5. Public Information Officer – the Public Information Officer (PIO) shall be responsible for communications to the public and members, website design and maintenance, and performing such other duties as are incident to the office of Public Information Officer, as properly required or restricted by the Board of Directors.
6. The Board of Directors may choose to rotate the above positions as deemed prudent and necessary depending on the backgrounds and desires of the Board. In addition, the Secretary, Treasurer and Public Information Officer positions may be filled by a Board approved member of the Association; in that event the appointed Secretary or Treasurer would attend meetings, but would not have a Board vote on decisions.
ARTICLE VII COMMITTEES
The Board of Directors may from time to time establish and appoint members to committees as deemed necessary by the Board. At least one director shall serve on each committee.
ARTICLE VIII BOOKS & RECORDS
The directors and officers shall comply with Arizona Revised Statutes, which requires that each nonprofit association keep correct and complete books and records of account, minutes of the proceedings of its members and Board of Directors, and a record of the names and addresses of its members entitled to vote. Each member entitled to vote is permitted to inspect and copy books and records as provided by Arizona Revised Statutes.
ARTICLE IX MISCELLANEOUS
1. Fiscal Year – For accounting and report purposes, the association’s fiscal year shall be a standard calendar year.

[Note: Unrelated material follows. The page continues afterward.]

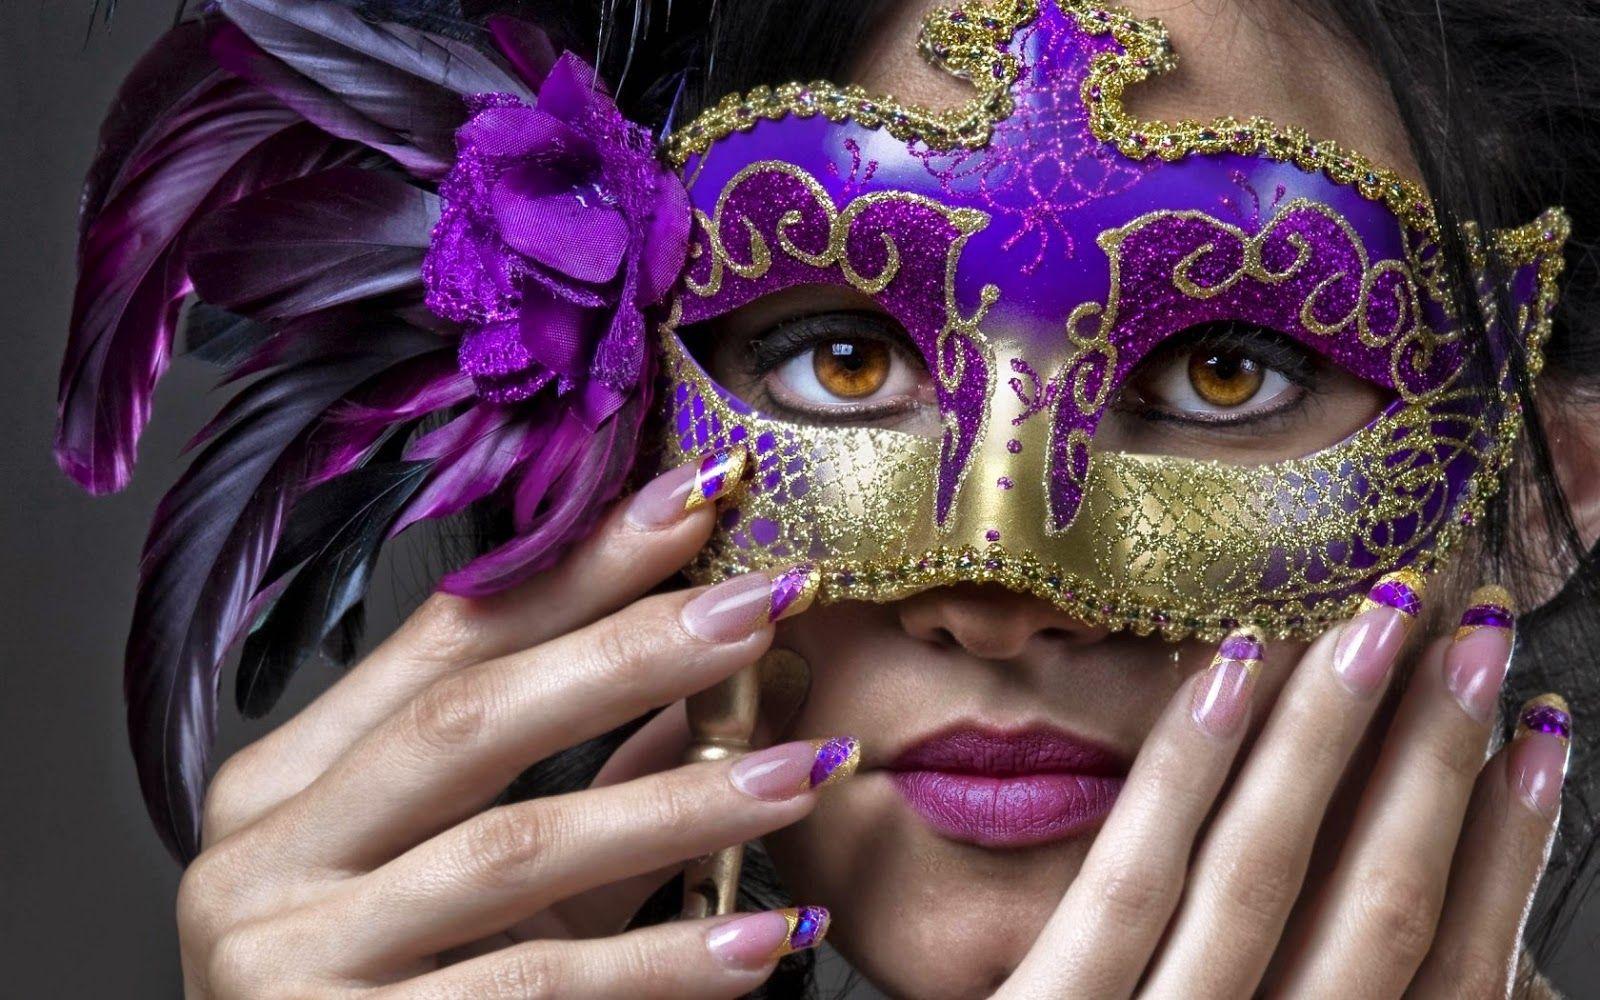 Hd Wallpapers Epic Desktop Backgrounds Carnival Of Venice Beauty Videos Female Mask
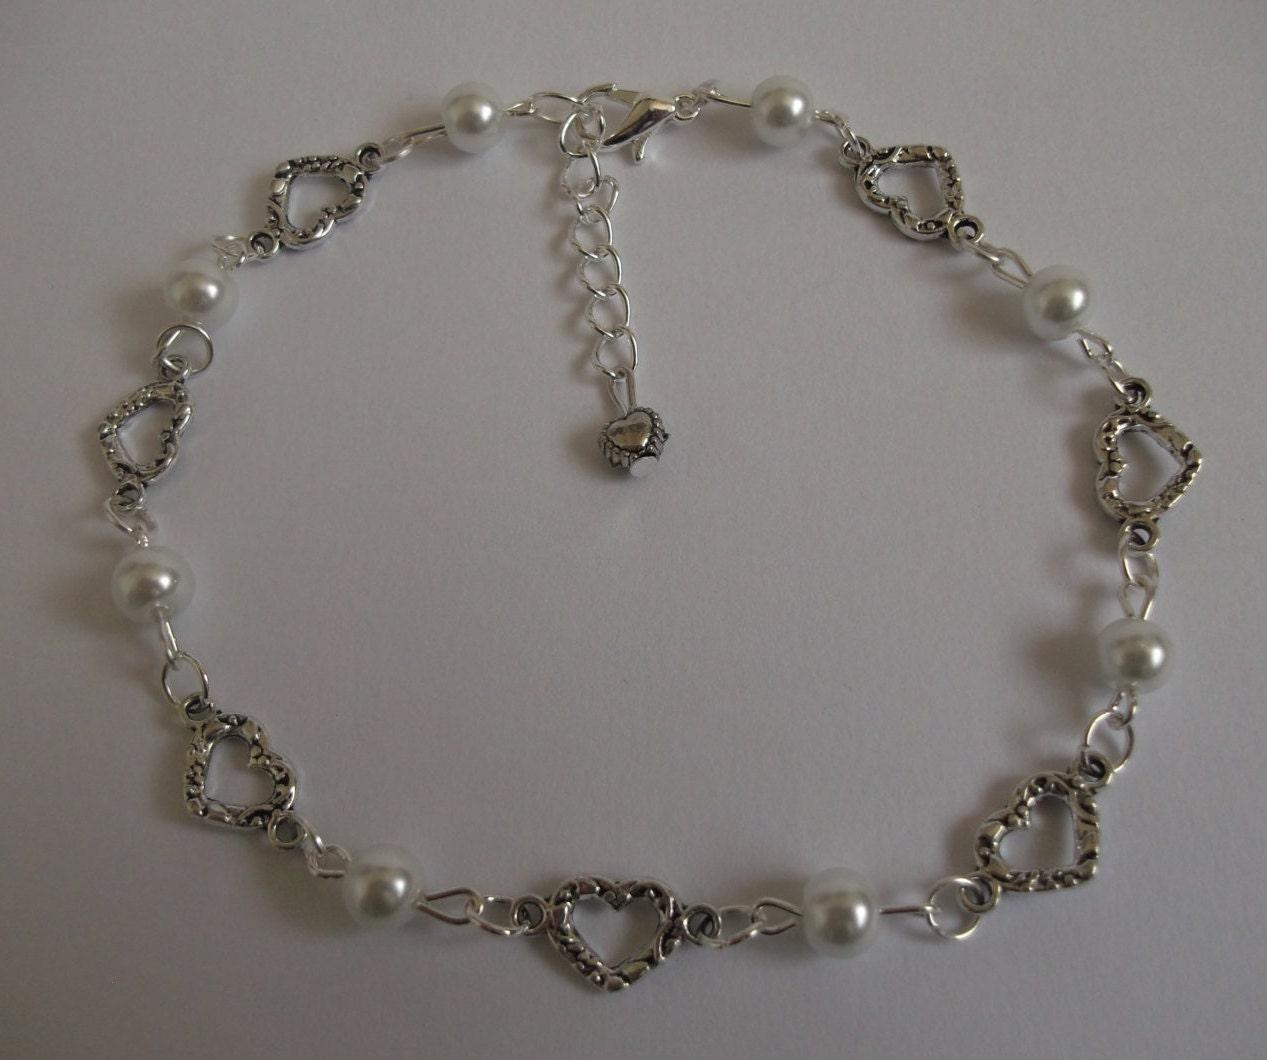 Pearl anklet heart anklet ankle bracelet ankle chain bridal anklet bridal jewellery prom anklet white pearl anklet beach anklet

2. Expenditure/Debt Limitation – No officer, director, committee member, or member shall obtain goods or services or incur any indebtedness on behalf of the association without express authorization by vote of the Board of Directors. No person shall expend any funds of the association or incur any indebtedness without general authorization by vote of the Board of Directors, EXCEPT THAT the treasurer may expend up to $100 per vendor transaction without the vote of the Board. The Board of Directors shall not expend more than $1000 per transaction without approval of the majority of the membership in a formal vote.
3. Bank Account(s) – The Board of Directors shall designate at least three officers who shall be signatories on the association’s bank account(s), one of whom shall be the Treasurer. The Treasurer shall maintain Checkbook(s) and bank statement records. Within 90 days following the end of each calendar year, financial records for the prior year shall be placed in the custody of the Secretary for safekeeping and storage for such period of time as legally required.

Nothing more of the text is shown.